Ademais, argumentam, o Ministério Público teria o dever legal de promover a persecução, estando vedados quaisquer critérios de conveniência ou oportunidade no exercício da ação penal pública, pautado no princípio da obrigatoriedade.
Aduzem, ainda, que a própria Lei dos Crimes Ambientais recepcionou a independência das vias de responsabilização, ao estabelecer, como requisito para a obtenção de transação penal e suspensão condicional do processo, a reparação integral do dano (artigos 27 e 28 da Lei 9.605/98).
O termo de ajustamento de conduta teria reflexo, portanto, tão somente na dosimetria da pena, no caso de eventual condenação (artigo 14, II, da Lei 9.605/98).
Já o segundo posicionamento, atualmente adotado pela maior parte dos doutrinadores, traz uma visão mais moderna da matéria.
A independência das esferas prevista no artigo 255 não poderia se sobrepujar a outros valores consagrados em nossa Carta Magna, como o direito ao meio ambiente sadio e ecologicamente equilibrado.
Segundo essa corrente, se o termo de ajustamento de conduta é a forma mais célere de alcançá-los, eventuais antagonismos devem ser superados com utilização de critérios que permitam ao Poder Público ponderar e avaliar, em função de determinado contexto e sob uma perspectiva axiológica concreta, qual deve ser o direito a preponderar no caso, conforme já decidido pelo Supremo Tribunal Federal (ADI 3540, Rel. Min. Celso de Mello, 1º.9.2005).
Assim, a previsão de tripla responsabilização ou a obrigatoriedade da ação penal pública não poderiam suprimir ou adiar condutas e atividades de cunho preventivo ou reparador, dado que estas últimas atendem melhor a finalidade de resguardar os recursos naturais e a qualidade ambiental.
Esse posicionamento, então, adota a teoria do Direito Penal Mínimo, pela qual o Direito Penal é reservado para conferir a pacificação social das mais graves infrações e, por isso, se vale igualmente das penas mais graves. Portanto, somente deve ser acionado na hipótese de falha ou insuficiência das demais esferas (no caso, administrativa e civil), não se justificando o socorro ao Direito Penal na hipótese em que a consecução da reparação de danos ambientais foi atingida.

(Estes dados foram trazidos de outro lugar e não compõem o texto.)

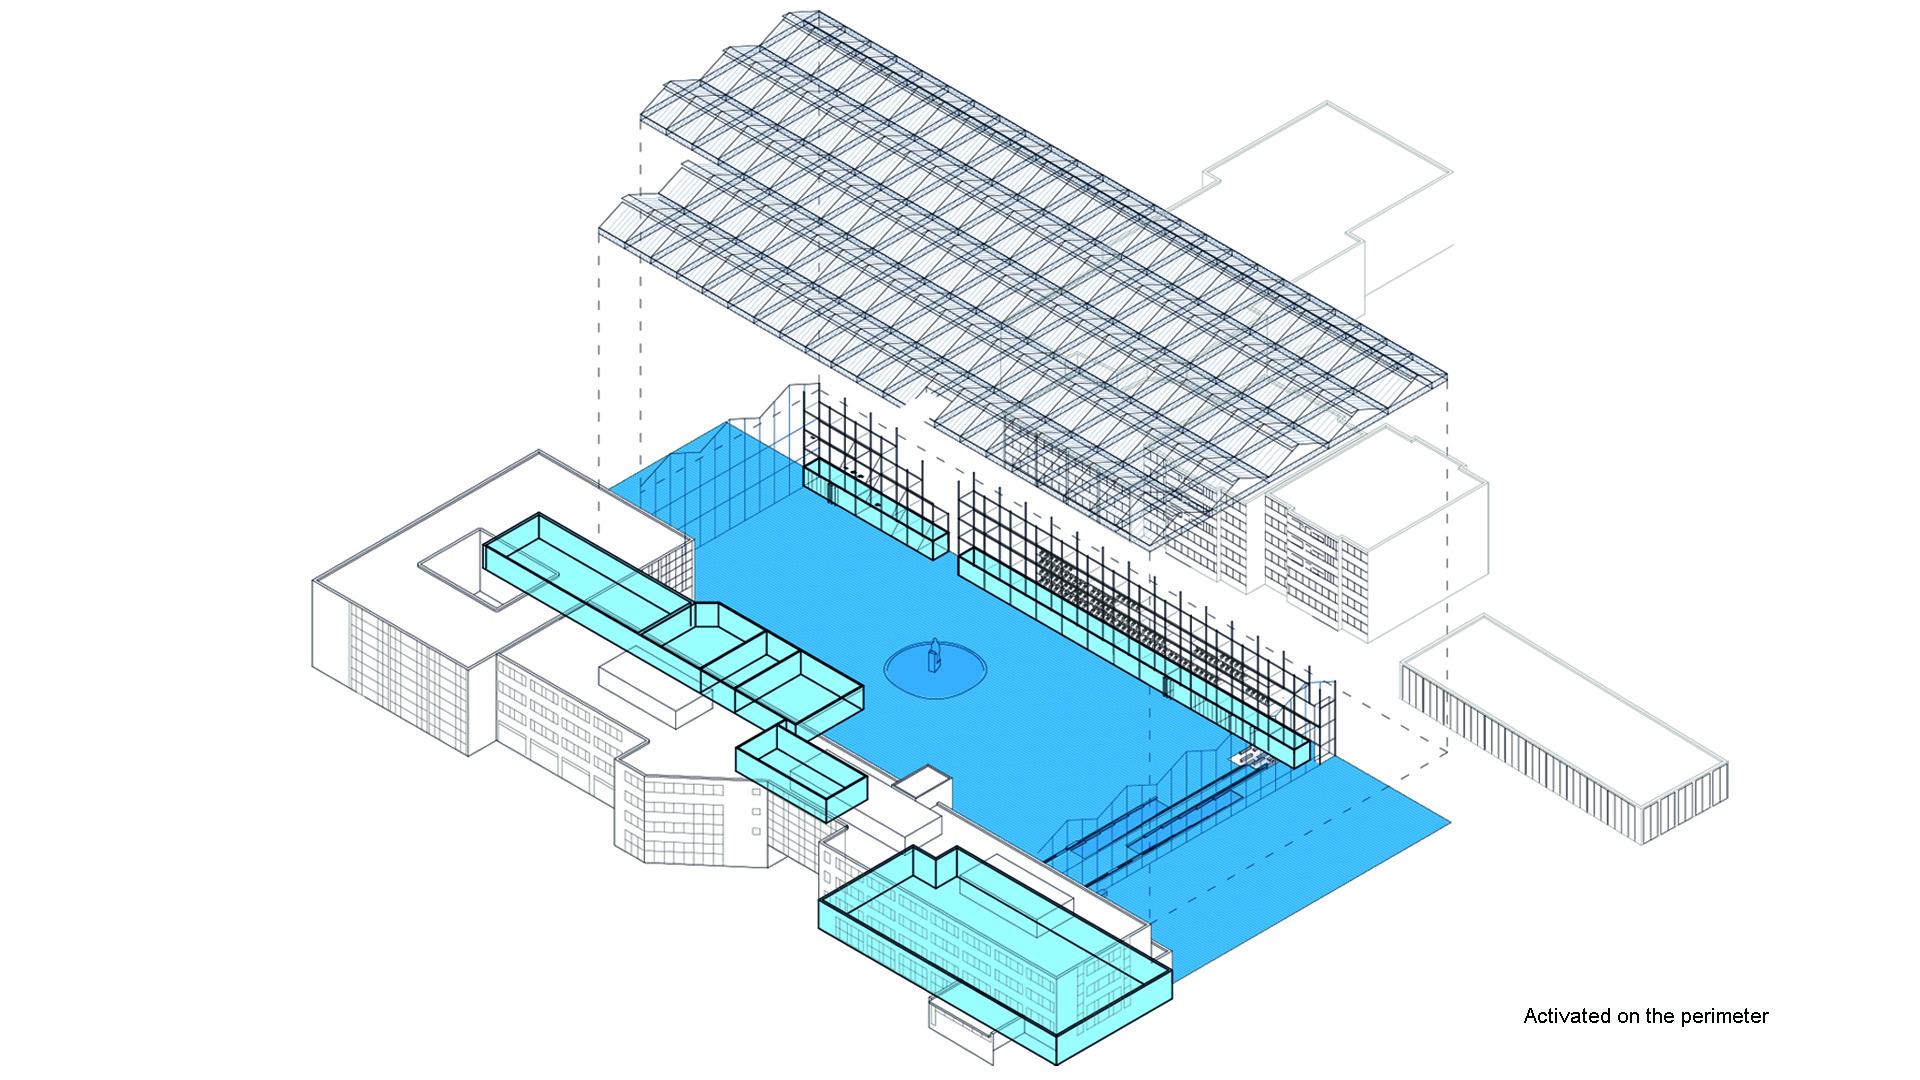 07_furuset diagram

Nesse sentido, frente a um termo de ajustamento de conduta cumprido, com reparação integral do dano, os defensores dessa ideia entendem que não haveria justa causa para propositura de ação penal, estando extinta a punibilidade do infrator pelo crime ambiental em tese perpetrado.
Caso a recuperação do dano se prolongue no tempo, suspender-se-ia a pretensão punitiva e o prazo prescricional até seu efetivo cumprimento, quando também seria extinta a punibilidade do agente.
Como exemplo, citam o precedente do Direito Penal Tributário, que já dispõe de expressa previsão legal sobre o assunto. Nos termos do artigo 34 da Lei nº 9.249/1995, o pagamento do débito antes do recebimento da denúncia extingue a punibilidade dos crimes tributários perpetrados. Caso o infrator ingresse em programas de parcelamento, a pretensão punitiva do Estado e o prazo prescricional ficam suspensos até seu pagamento integral, quando a punibilidade seria igualmente extinta, conforme estabelece o artigo 9º da Lei nº 10684/2003.
De modo semelhante, o novo Código Florestal, instituído pela Lei nº 12.651/2012, trouxe em suas disposições transitórias (art. 60) a suspensão e posterior extinção da punibilidade de 03 (três) tipos de crimes ambientais[1], no caso da assinatura e cumprimento integral de termo de compromisso para regularização de propriedade rural. Essa regularização deve ocorrer pela adesão do proprietário ou possuidor ao Programa de Regularização Ambiental (“PRA”).
A inclusão de previsão legal para afastar a punibilidade de crimes ambientais devido à reparação integral do dano, mesmo que aplicável somente para casos específicos, demonstra a razoabilidade e a abertura para a adoção de tal corrente.
Embora tal entendimento praticamente não encontre respaldo jurisprudencial, o egrégio Tribunal de Justiça de Minas Gerais, de forma ainda mais arrojada, já se manifestou no sentido de que a mera formalização do ajuste antes do oferecimento de denúncia já teria o condão de extinguir a punibilidade do infrator[2]. No caso de descumprimento de seus termos, bastaria sua execução, já que o termo de ajustamento de conduta tem eficácia de título executivo extrajudicial.
Além de descongestionar a justiça, evitando-se longa disputa judicial que protelaria, de maneira indelével, a solução do conflito e a consequente reparação do dano, a solução negociada seria mais eficaz, argumentam.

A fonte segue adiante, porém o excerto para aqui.